[Task] Omit all pictures and transcribe only the lines in the entries below that run from the line with "ドレイン摂氏度レンドWild Berry Mango" through the line with "Remarkable Herbs: Kratom Reviews".

[Available data]
------
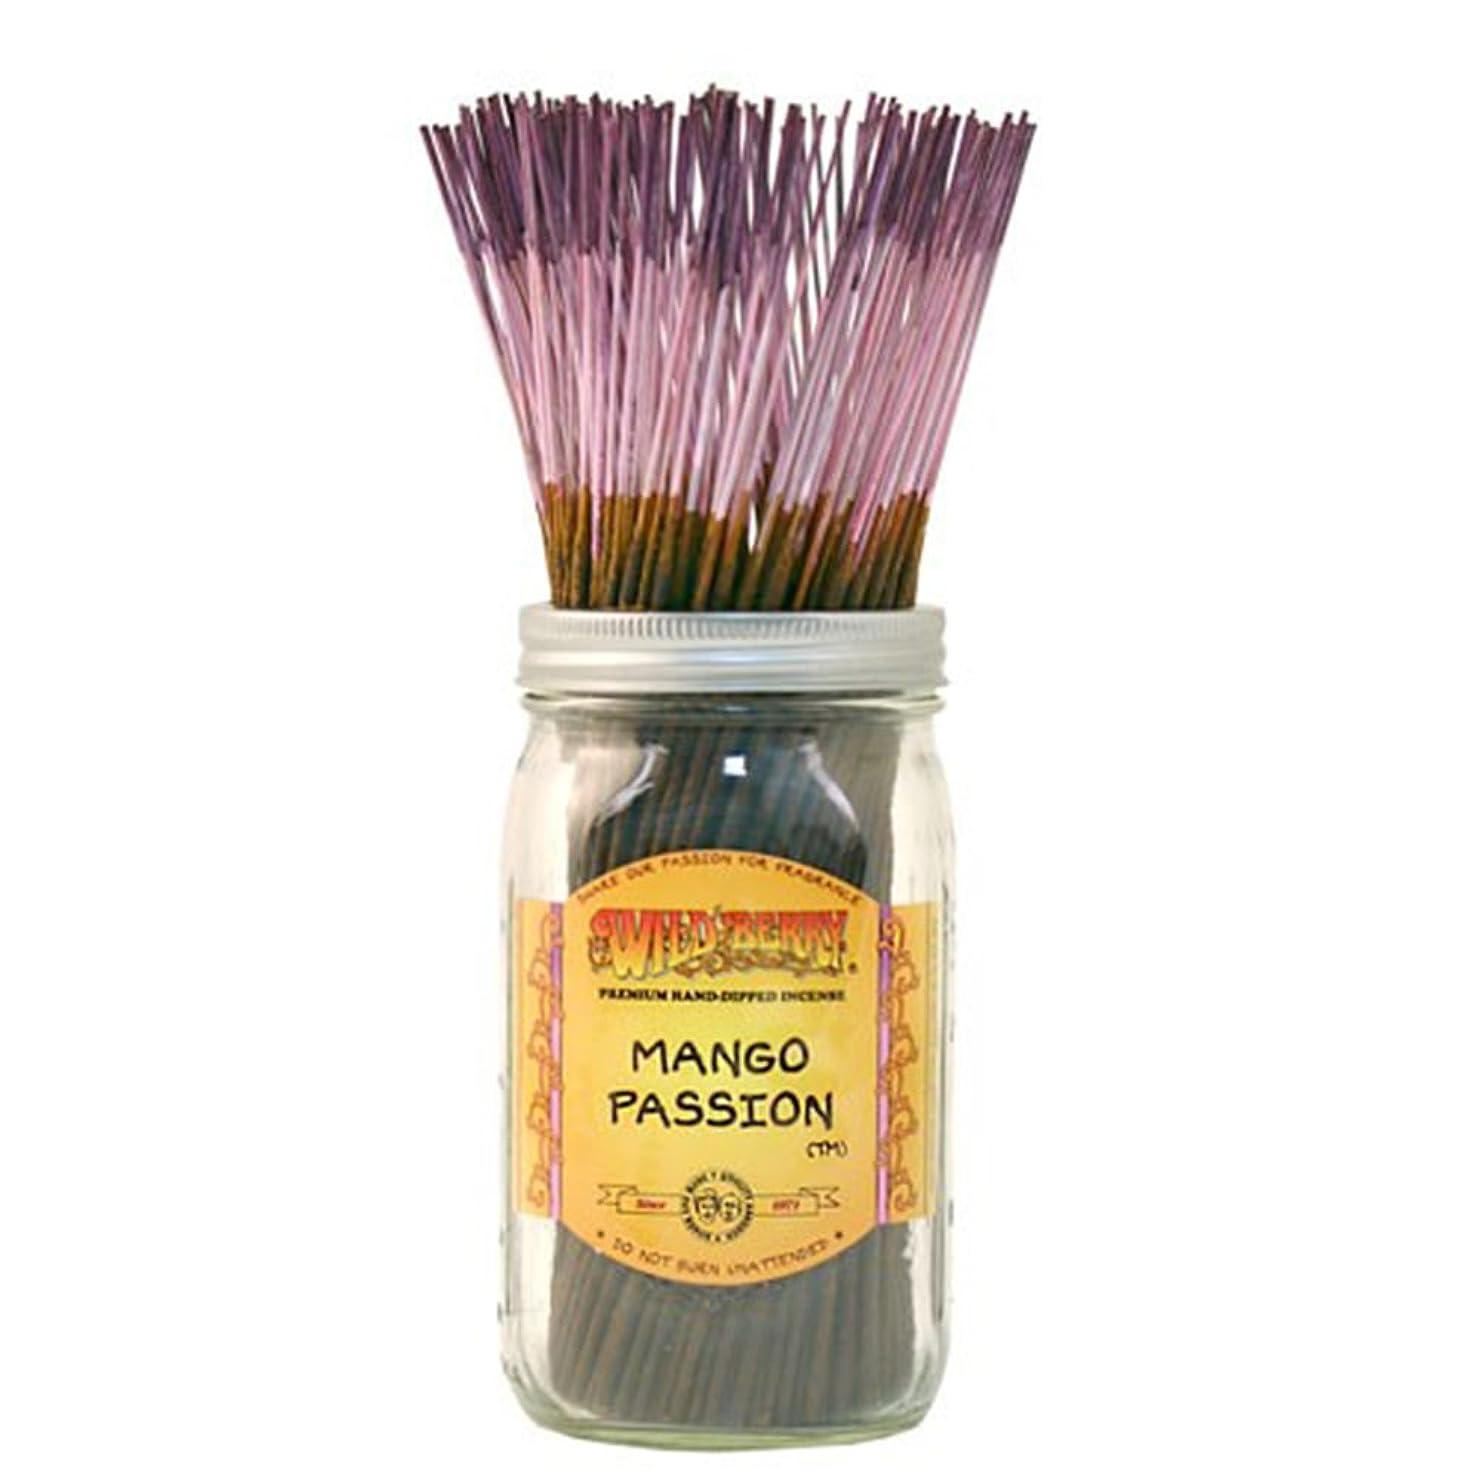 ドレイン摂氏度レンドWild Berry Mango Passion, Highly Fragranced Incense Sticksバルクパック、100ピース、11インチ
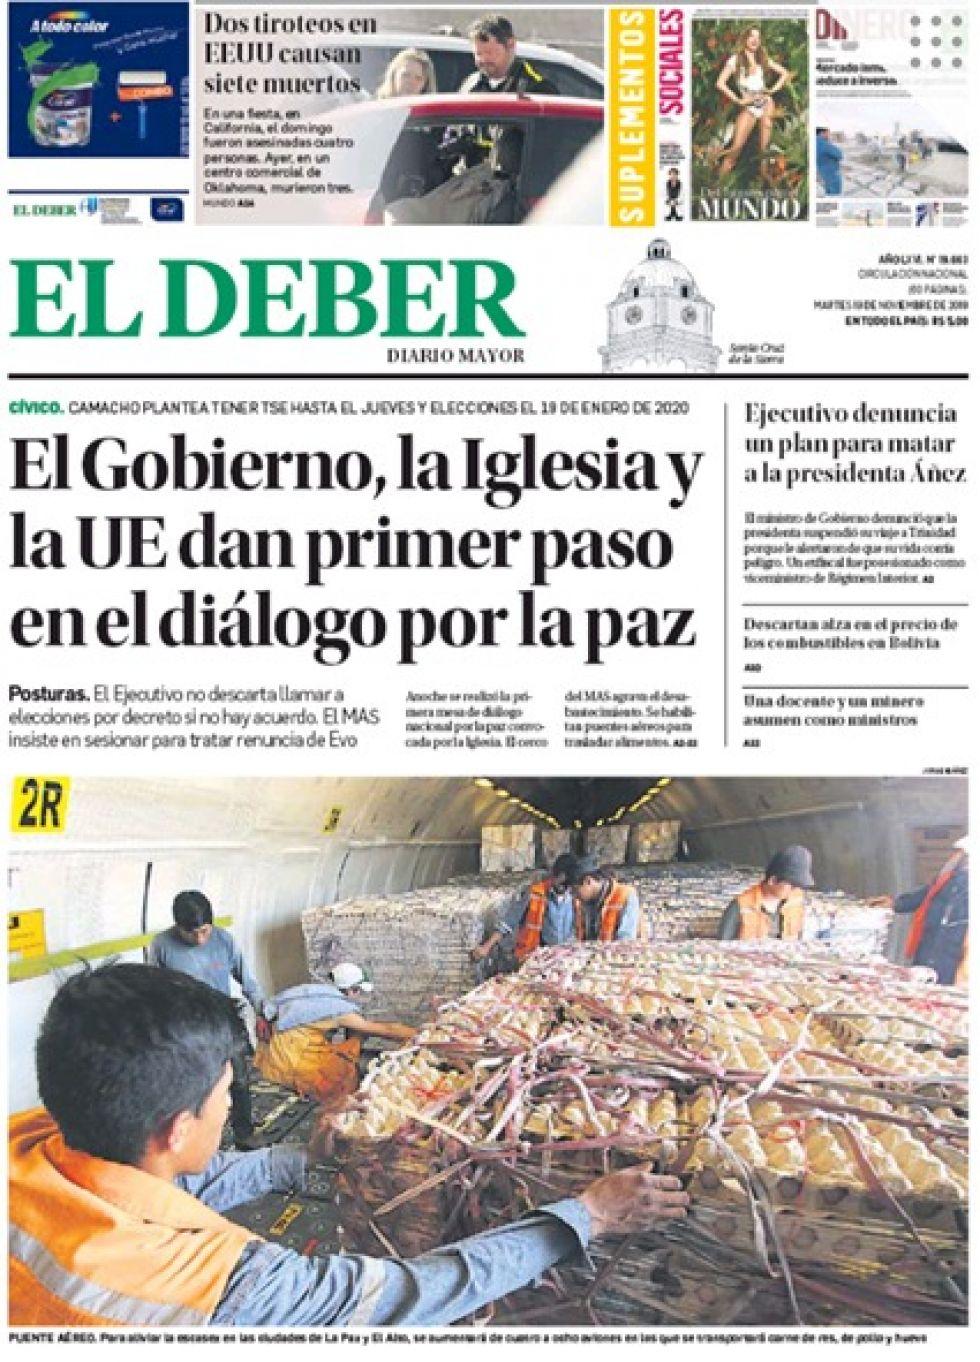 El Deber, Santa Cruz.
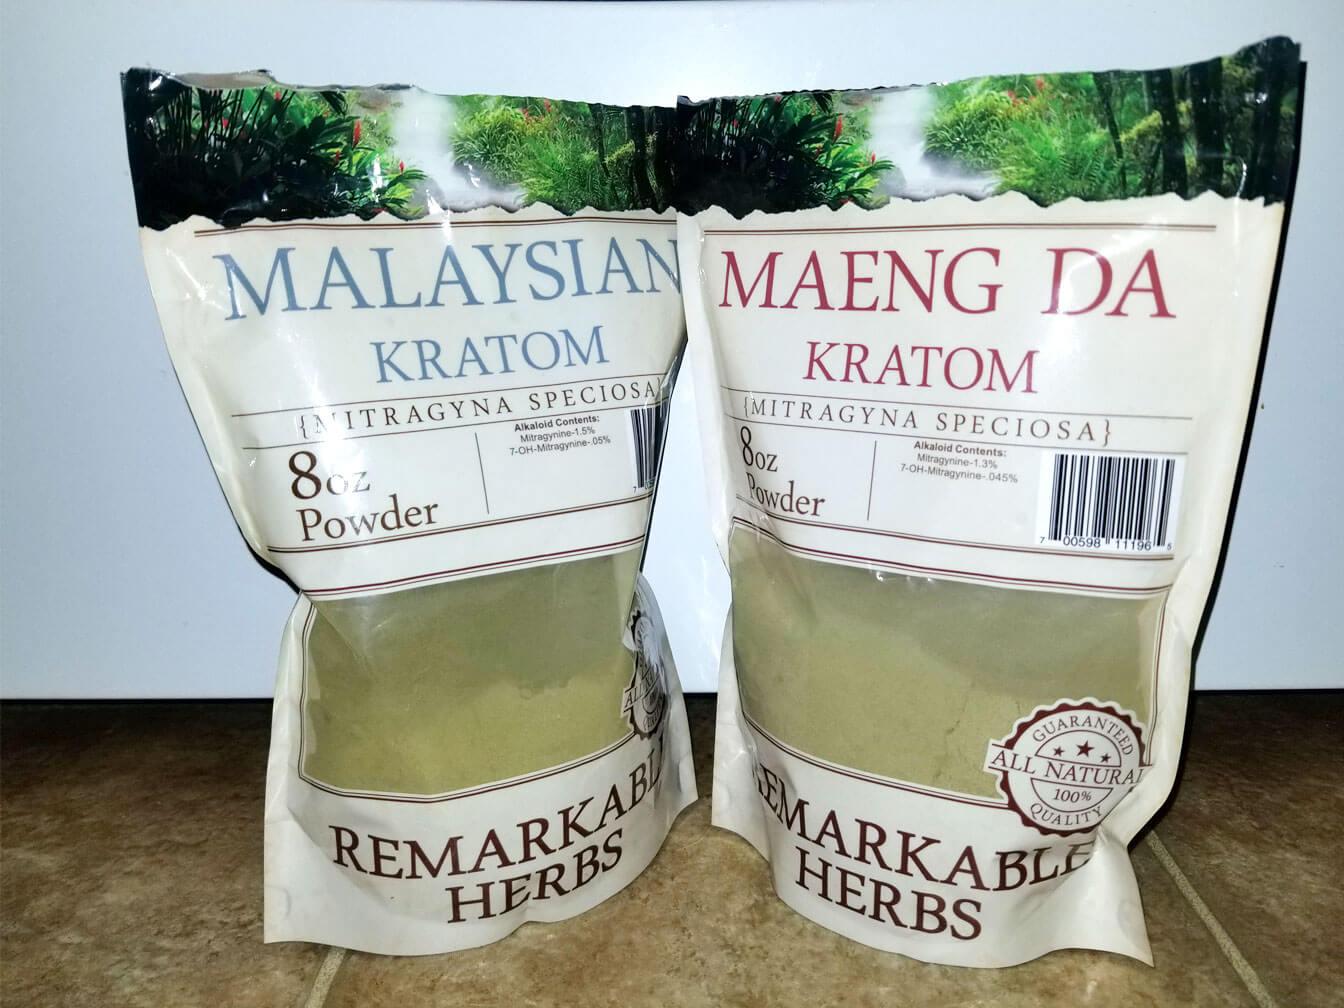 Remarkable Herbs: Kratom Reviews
------
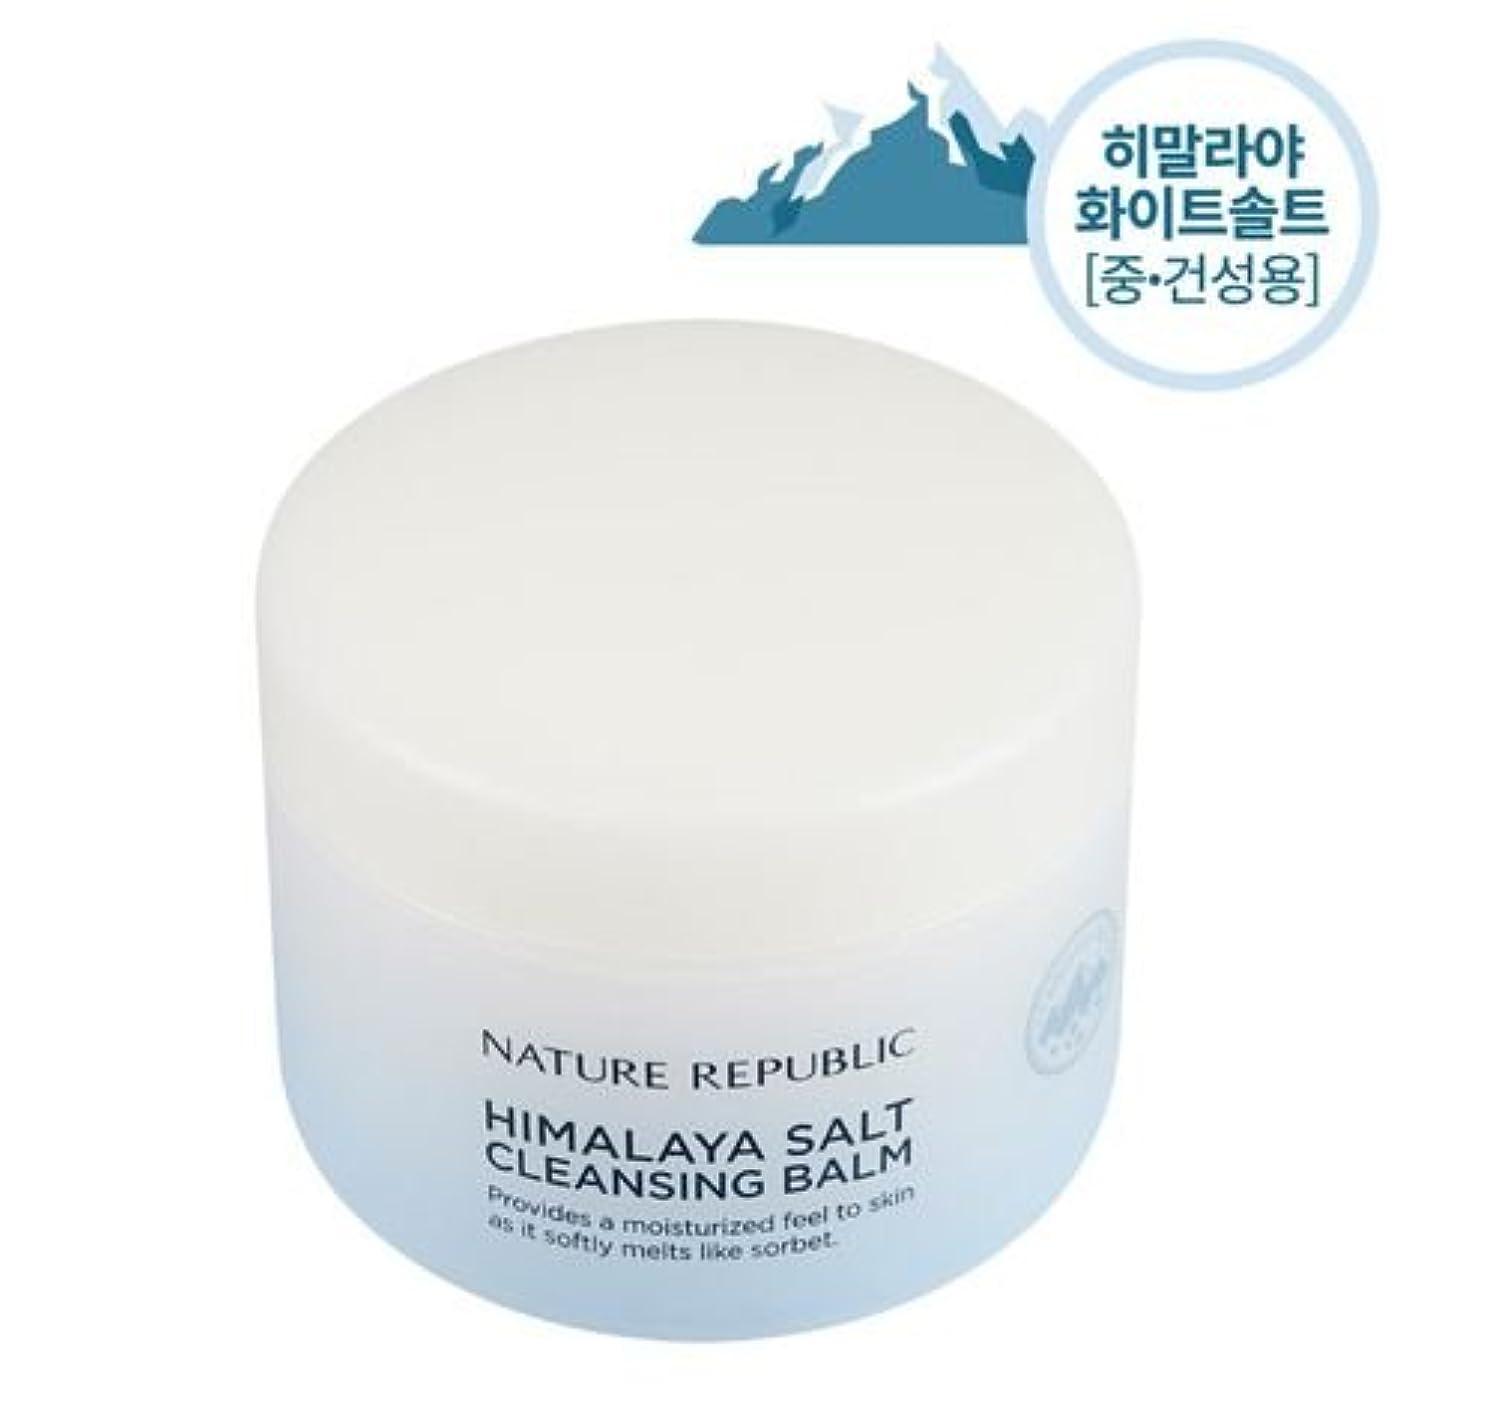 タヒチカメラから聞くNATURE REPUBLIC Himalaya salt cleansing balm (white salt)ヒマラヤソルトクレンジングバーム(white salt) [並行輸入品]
------
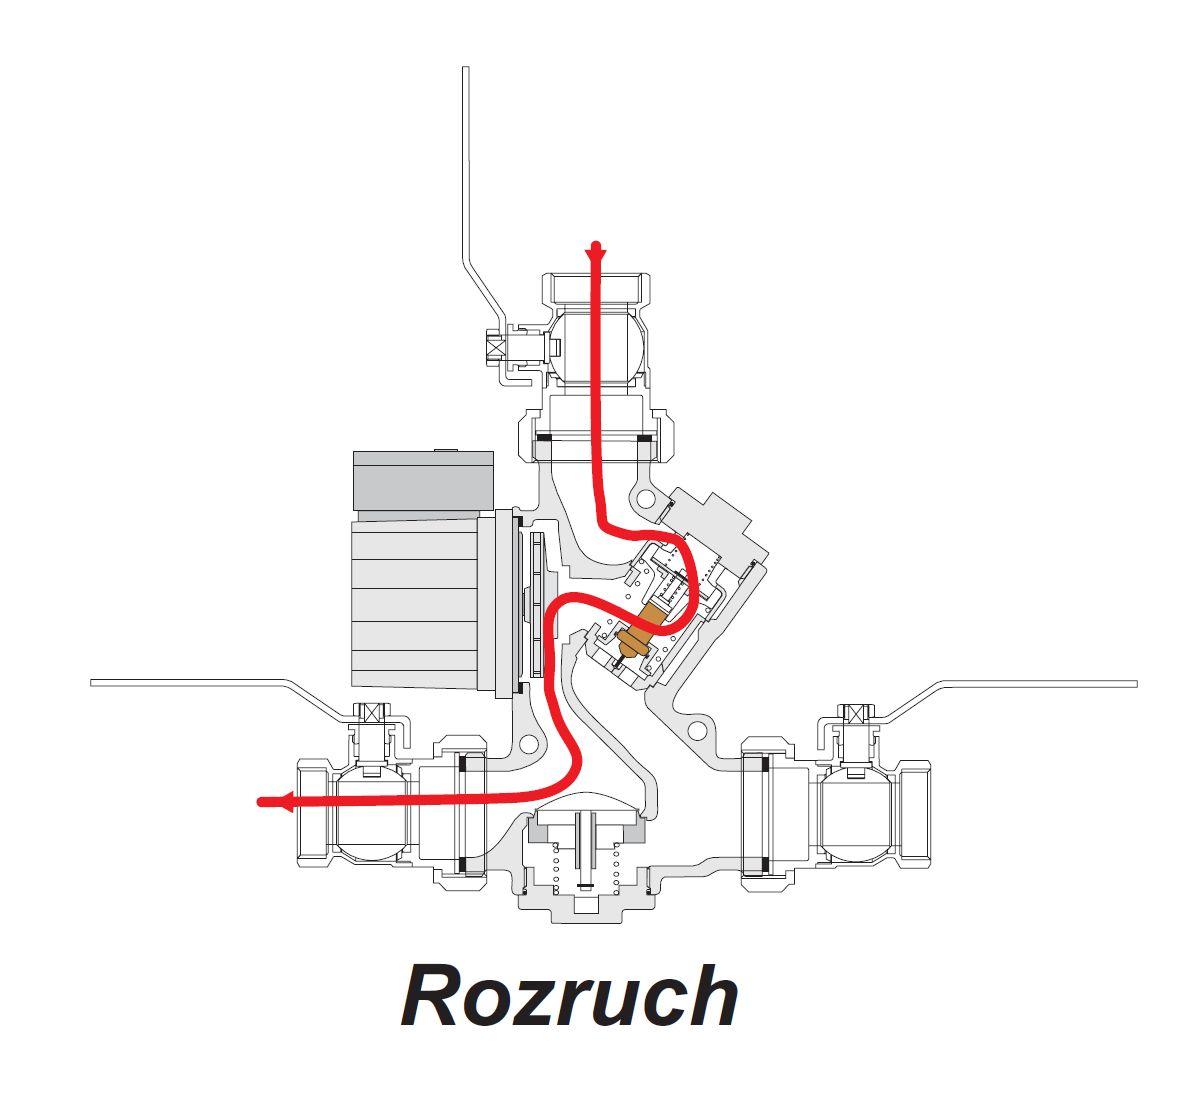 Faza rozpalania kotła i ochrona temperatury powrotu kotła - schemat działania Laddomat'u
------
[Exercise solution]
 ドレイン摂氏度レンドWild Berry Mango Passion, Highly Fragranced Incense Sticksバルクパック、100ピース、11インチ
 El Deber, Santa Cruz.
 Remarkable Herbs: Kratom Reviews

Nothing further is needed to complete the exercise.